Sell broken phones, a guide to make sell right!
There are 3 main conditions recycle stores in the UK use to value your old mobile phones, be sure to check the right price!
- Brand New - This means it's never been turned on
- Working - This means undamamged & functioning
- Broken - Broken, but also includes exterior wear
BE CAREFUL! This is the biggest area of confusion in the phone recycling industry. make sure you select an honest description of your phone to make sure you're looking at the right price.
Selling broken phones, what is accepted?
Yes, we (and the recycling companies) accept that a phone which you may well have had for 18 months won't be without its scratches. A large percentage of the recycle stores will still pay cash for 'non-working', 'broken' or 'damaged' phones.
- A cracked screen
- Excessive scratches, dents and chips
- Broken microphones or speakers
- Faulty buttons and keys
- Broken / missing battery
- Does not power up
- SIM gate broken or missing
- Operating system missing or corrupt
...You can still get some cash for them! Put your phone model into the search engine above and we will investigate the best prices for you.
Be warned: some recyclers could offer larger sums of money but then alter the quote depending on the damage - even after you have sent off your phone.
However: If you are not happy with the altered quote you will be able to get your phone back, but this won't always be free of charge, it depends on the company. Always check the terms and conditions of the individual recycler before sending anything off. All companies will have different policies on sending phones back.
Selling broken mobiles, what is NOT accepted?
We do appreciate there seems to be a thin line between 'damaged' and 'too damaged'. But the long and short of it is that there are several generic states your phone can be in where they will never be accepted and you will never get money for them...
- Blacklisted or stolen
- Network barred phones
- Blacklisted by CheckMEND
- Water damaged / Liquid ingress
- Twisted or snapped in two
- SIM or memory card glued in
- Broken hinges on flip phones
- Not a genuine device (fakes)
...you are most certainly not going to get any money for them. These are counted as beyond economic repair or illegal phone sales.
It should also be noted that every phone has a unique code (IMEI) number which acts as a tag. If the owner reports it as stolen, it will come up on the system and the phone will be given to the police.
You can perform a check on CheckMEND to see if your phone has any dirty history.
How the pricing works, for recycling broken phones
So, you have a broken mobile you want to recycle. All you need to do is use our search engine above to find the brand and model to get some initial quotes following these steps:
- Once you choose a recycler, you'll get a post pack and send the damaged mobile phone to them.
- The recycler then gets the device and checks the condition of it.
- Exact quotes: If they give you an upfront price and the phone matches the terms you agreed, you'll be paid as normal.
- Estimate quotes: If it doesn't meet the condition terms or they gave you an estimated price initially (prices that state 'up to £xx') they will give you an accurate quote on it's value depending on the level of damage.
- You get emailed, you then decide to accept or have the device returned.

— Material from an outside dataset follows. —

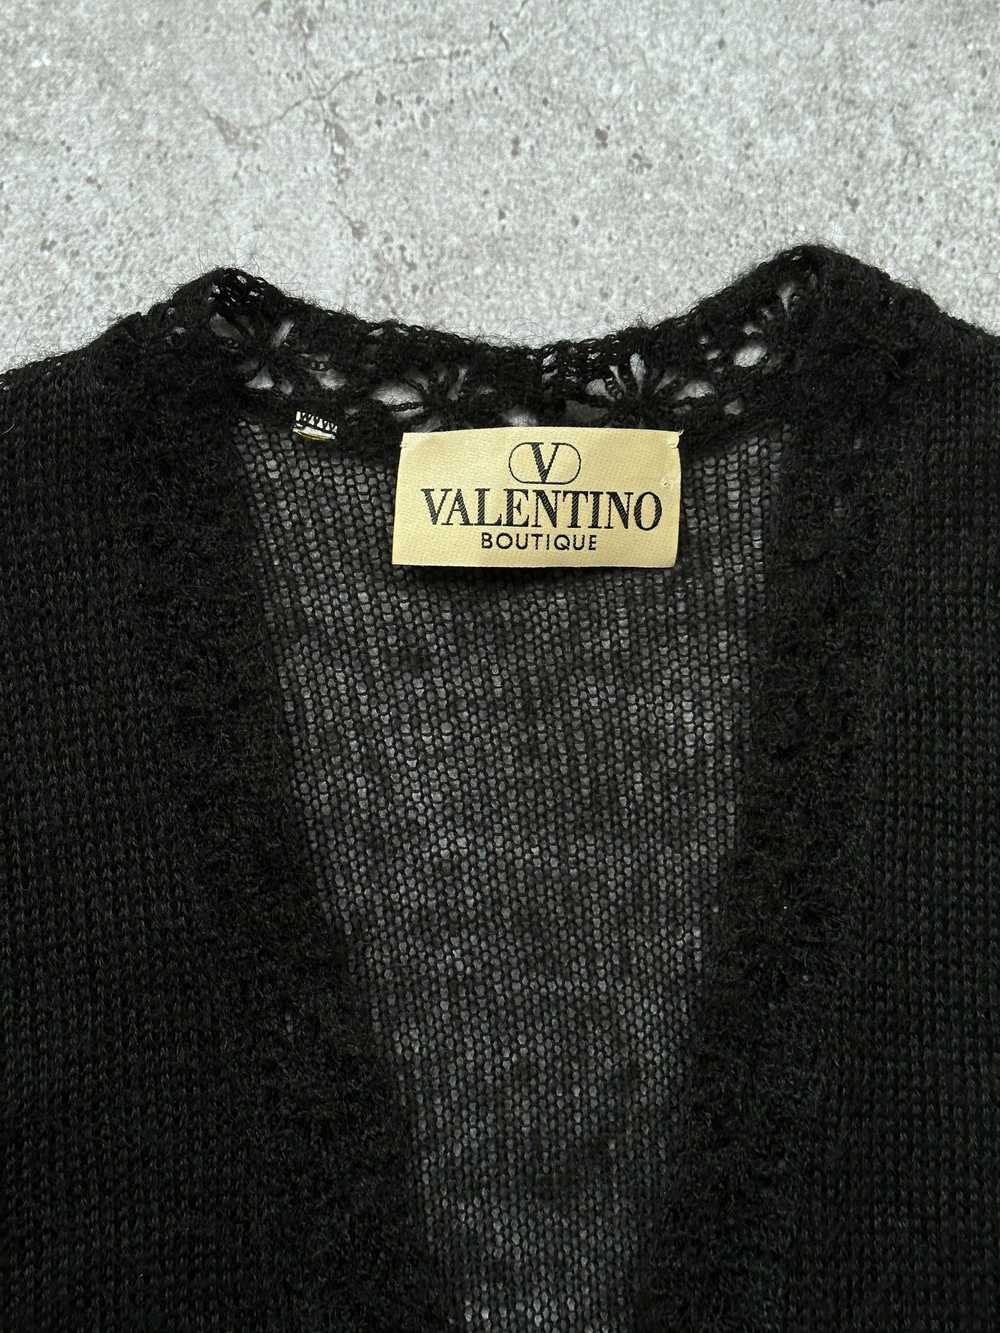 Valentino Valentino Boutique Knit Cardigan Sweater - image 5

How on site valuation offers work
If a store does not offer an upfront price they will make an offer to you once they've checked the device over. Once a recycler has made an offer for the damaged phone or gadget you've sent, you'll have a few days to choose if you accept the offer or not before the payment is automatically made.
If you don't want to accept the offer, depending on the store, you'll get the phone back FREE or have to pay a small postage fee for it to be returned.
All recyclers featured on this site will offer you a fair price for the condition of the phone, this price is calculated on how much it will cost them to repair of salvage parts from the device.
Repair broken phones, some food for thought
If your phone is too damaged to recycle, one option is to get the phone repaired, to either keep it as a spare or sell it for money when it is fixed. Technical problems are covered by the phones 12-24 month warranty in most cases. Here's some information on how to go about it:
Or, if you are a bit of a DIY addict, you can get some screen repair kits from Amazon.
Whatever you do though, do not throw them away - one mobile phone battery is still enough to pollute 60,000 litres of water, which isn't good for the environment or us, so it needs to be disposed of properly. Make sure you take the battery to a battery bin - these can be found in most local supermarkets, so it can't be of any harm. Or, donate the whole phone to a company that promises to recycle your phones in the right way.